Натужные, застывшие улыбки взрослых, мрачные взгляды насупившихся детей неестественно вычерчиваются светом резкой вспышки. Прелюдия, разворачивающаяся в полной тишине, задает стилистику всех трех частей спектакля, обозначенных в названии. В ситуациях, разыгрываемых на сцене, нет исключительности и радикализма: пугающая неестественность отношений рождается именно из обыденности, из будничности.
Вся визуальная сторона спектакля – цепь отдельных этюдов (хореограф – Анна Абалихина), рожденных из ассоциаций с текстом, который не предлагает сюжета или характеров, не конструирует драматургическую ситуацию, но плотно закручивается вокруг детского недоумения.
Текст Фабьен Ивер – это поток сознания, парадоксальная маниакальная мантра, замаскированная под дневник девочки-подростка.
«Почему папа уходит?», «Чего папа хочет?», «Почему мама врет?» — совсем мало вопросов, вокруг которых тугой спиралью заверчены ответы и предположения – одно абсурднее другого. Нет причинно-следственных связей, нет логики – реальность не дает ни ответа, ни утешения.
Собственно, не так уж и важно – уходит ли папа, потому что мама плохо готовит, или потому, что решил стать четвертым мушкетером в четверке из романа Дюма.
Он все равно уходит. Варианты развития событий множатся и множатся – сознание панически мечется в попытках найти объяснение, но так и не может переварить сам факт, саму фатальность неблагополучия и фальши.
Текст Ивер невозможно проиллюстрировать, и спектакль к этому не стремится: иногда вдруг картинка приближается к описываемой бесстрастными голосами ситуации, иногда, наоборот, выстраивается на контрапункте.
Папа, в общем-то, никуда не уходит, но его бледное, освещенное синеватым светом телевизора лицо фиксирует его отсутствие в этом безвоздушном пространстве.

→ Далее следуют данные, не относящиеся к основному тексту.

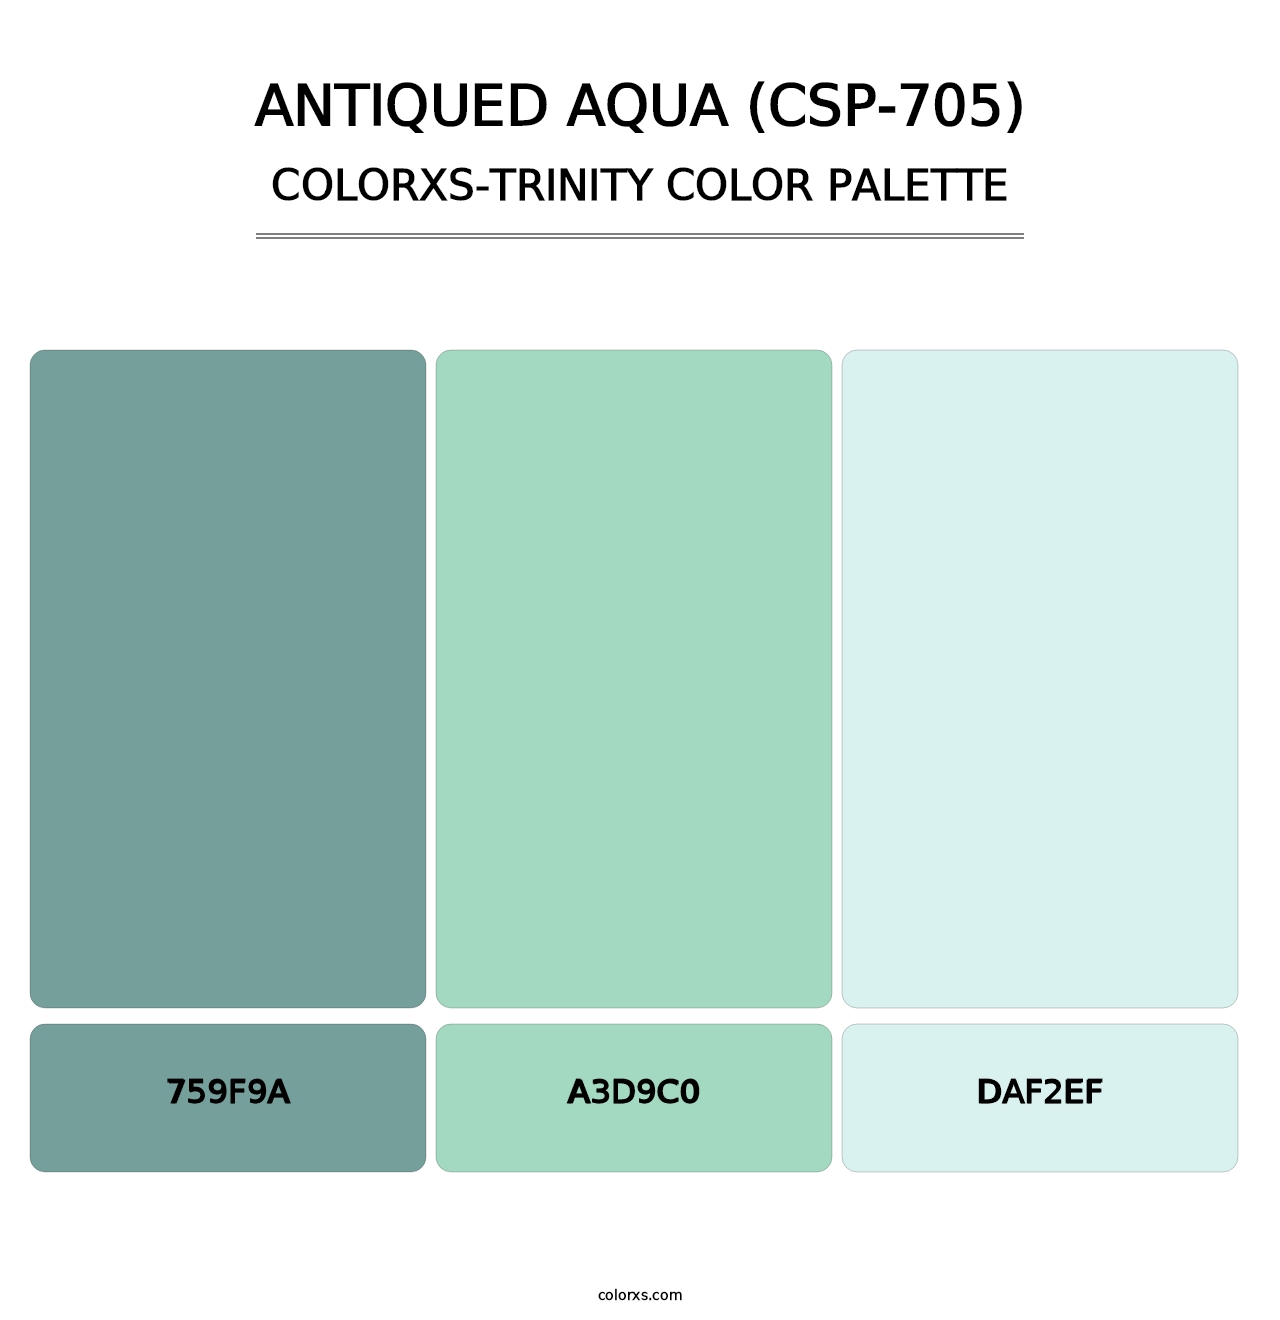 Antiqued Aqua (CSP-705) - Colorxs Trinity Palette

Текст, позволяющий себе лишь обрывочные, сделанные в телеграфном стиле сюжетные микровкрапления, держит дистанцию по отношению к визуальному ряду. Этот зазор то увеличивается, то сокращается, заставляя зрителя следить за меняющимися связями, буквами и картинками. Мама из французского текста плачет в ванной и превращается в роденовского мыслителя – мама (Светлана Камынина) в спектакле Муравицкого остервенело полирует мебель тряпкой, механически поднимает носки за равнодушным сыном и мандариновые корки за бабушкой, превратившейся в часть интерьера.
Текст в своей мнимой неподвижности постепенно меняет свою природу – констатация факта в первой части сменяется короткими подобиями диалогов во второй, а в третьей, про бабушку, вдруг появляется какая-то горечь, взламывающая жесткую, безэмоциональную конструкцию. Меняется и визуальный сюжет спектакля – ироничные деловитые сценки обычного утра или дня уступают место макабрическим зарисовкам:
невозмутимые родственники в веселых бумажных колпачках на резинках, только что после семейного праздника, запихивают упирающуюся бабушку (Дмитрий Аросьев) в деревянный гроб.

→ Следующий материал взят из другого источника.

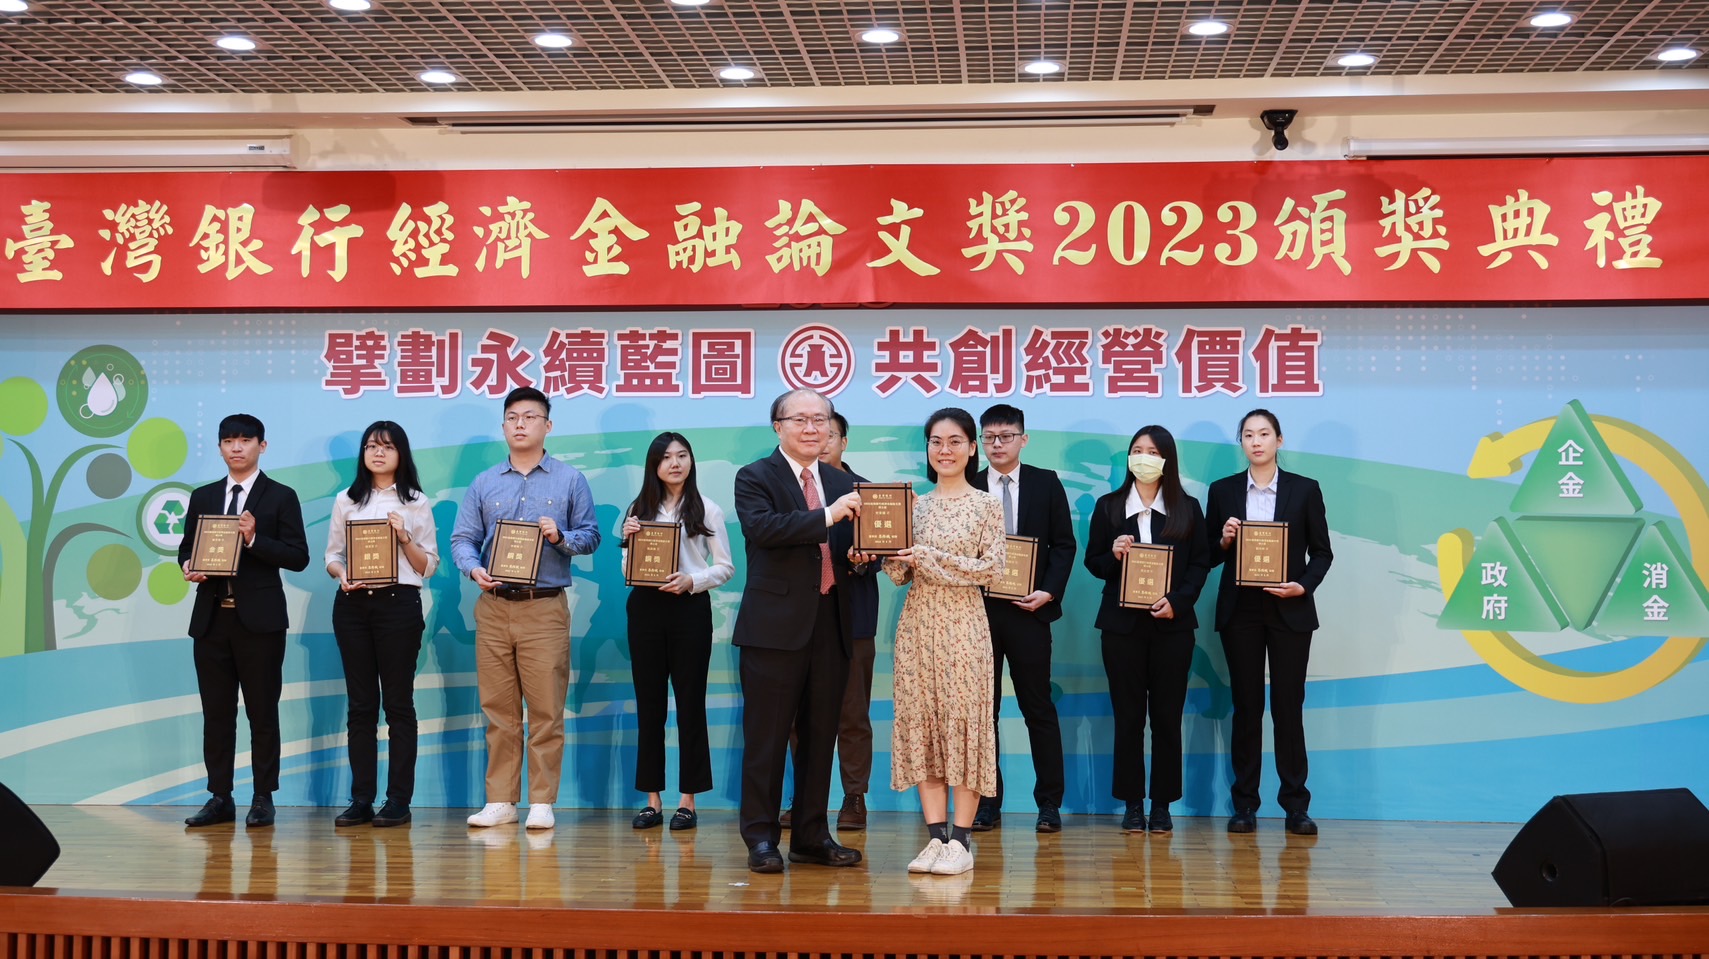 2022台湾银行经济金融论文奖-史家緁获奖照1

А незадолго до смерти бабушка расставляет по столу старые фотографии из жестяной коробки и кормит заглянувшего к ней Иисуса чем-то из кастрюльки.
Непрерывная ткань спектакля, в котором, помимо текстового и визуального, есть еще и сложный музыкальный сюжет (от выхолощенного электронного примитива через меланхоличный аккордеон к разнообразно организованной какофонии и разладу – композитор Елена Кауфман), иногда разрывается оглушительными паузами и световыми контрастами.
Аккуратно выдавленный из семейного круга папа вдруг покидает стеклянный аквариум – один только раз, но по-настоящему. Он оказывается снаружи, на авансцене — равнодушно-свободный, папа обстоятельно ест банан, глядя на прильнувших с той стороны родственников.
И на каждом из них, даже на сумасшедшем котике на колесиках, похожем на знаменитого упоротого лиса, — бумажная маска с лицом матери, требовательным и напряженным.
Спектакль закольцовывается к финалу, обозначая сужающийся круг семейного, нестрашного, всех смиряющего ада – радиорубки уже пусты, текст дочитан, а в безликой квартире начинается новый день, и сомнительно родные люди снова снуют от двери к двери, повторяя привычные траектории.